# Would you pay $100 for a box of bullets?



## Miguel Cervantes (Apr 1, 2017)

For this revolutionary new product you might.


----------



## walkinboss01 (Apr 1, 2017)

That's pretty cool.


----------



## dixiecutter (Apr 1, 2017)

wow.


----------



## dixiecutter (Apr 1, 2017)

april fools


----------



## Beaudeane (Apr 2, 2017)

Lol. Best one of the day


----------



## kmckinnie (Apr 2, 2017)

Just a comparison to the joke. 
A dozen arrows with broad heads cost more than a 100 dollars.


----------



## little rascal (Apr 11, 2017)

*more than half*

a box of them to sight in would break your heart or your wallet!


----------



## Wanderlust (Apr 12, 2017)

Wow. If that was real think how dizzy you'd get watching the video.


----------



## Steyrhunter (May 9, 2017)

Only when I cannot reload a box for my .30-378 Weatherby, but not for a box of these.....


----------



## Muldoon (Jun 1, 2017)

*Arrows & $$$$$$*



kmckinnie said:


> Just a comparison to the joke.
> A dozen arrows with broad heads cost more than a 100 dollars.

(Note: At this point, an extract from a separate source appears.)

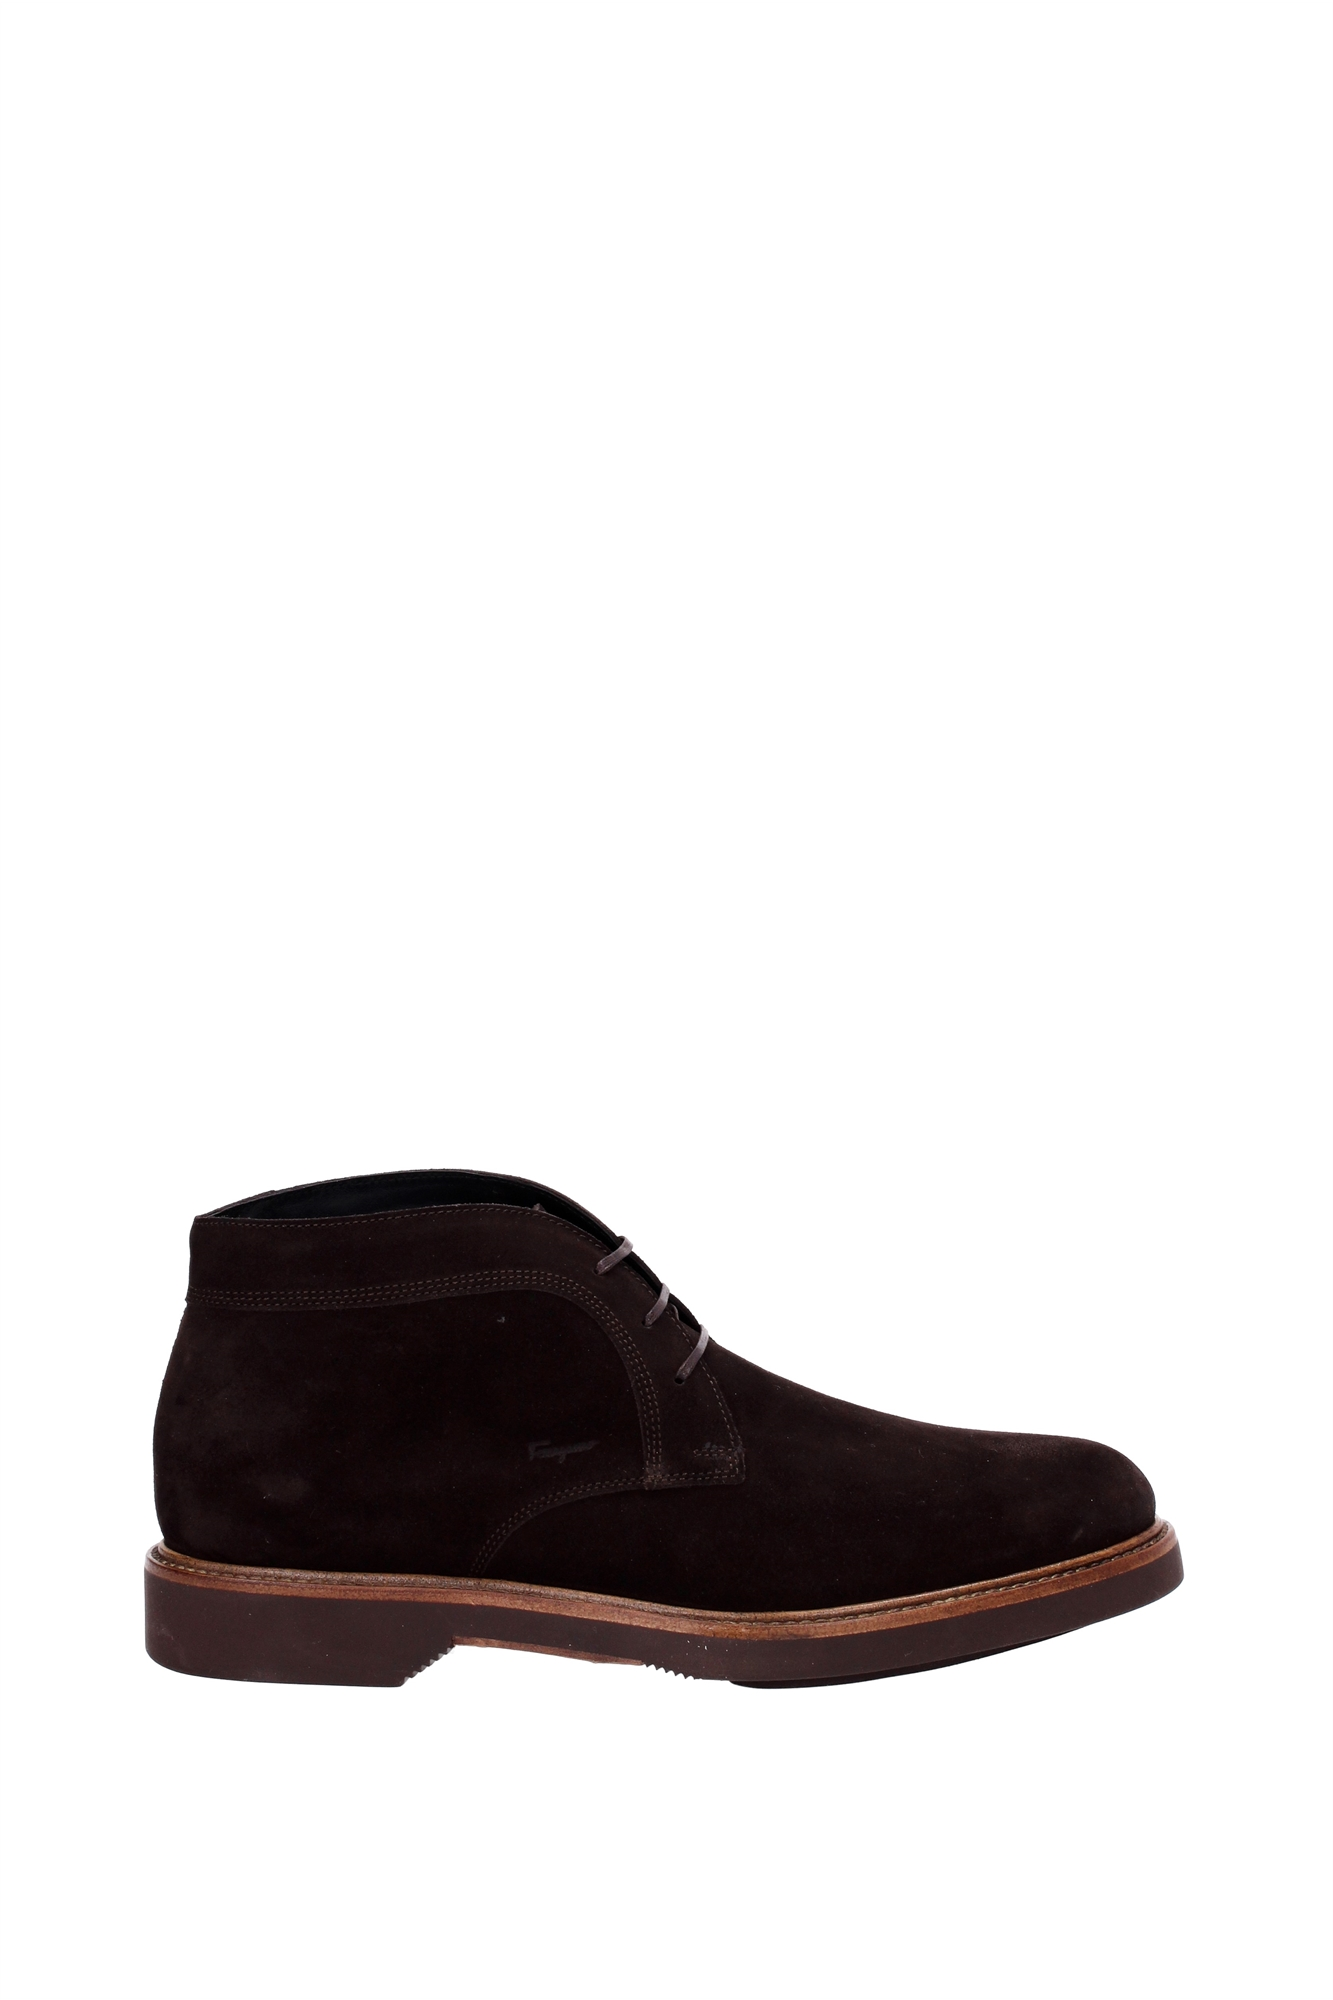 ankle boots salvatore ferragamo suede brown

I bought 14 dozen 30 years back for $18.75 dozen! Same arrows now last I checked were $78.00 dozen! I've still got most of 'em!

CRAZY!!


----------



## Browning Slayer (Jun 9, 2017)

A box of 20 rounds for my Weatherby .340 mag cost $100..


----------



## one hogman (Jul 9, 2017)

I would be handloading that Puppy if I shot it much


----------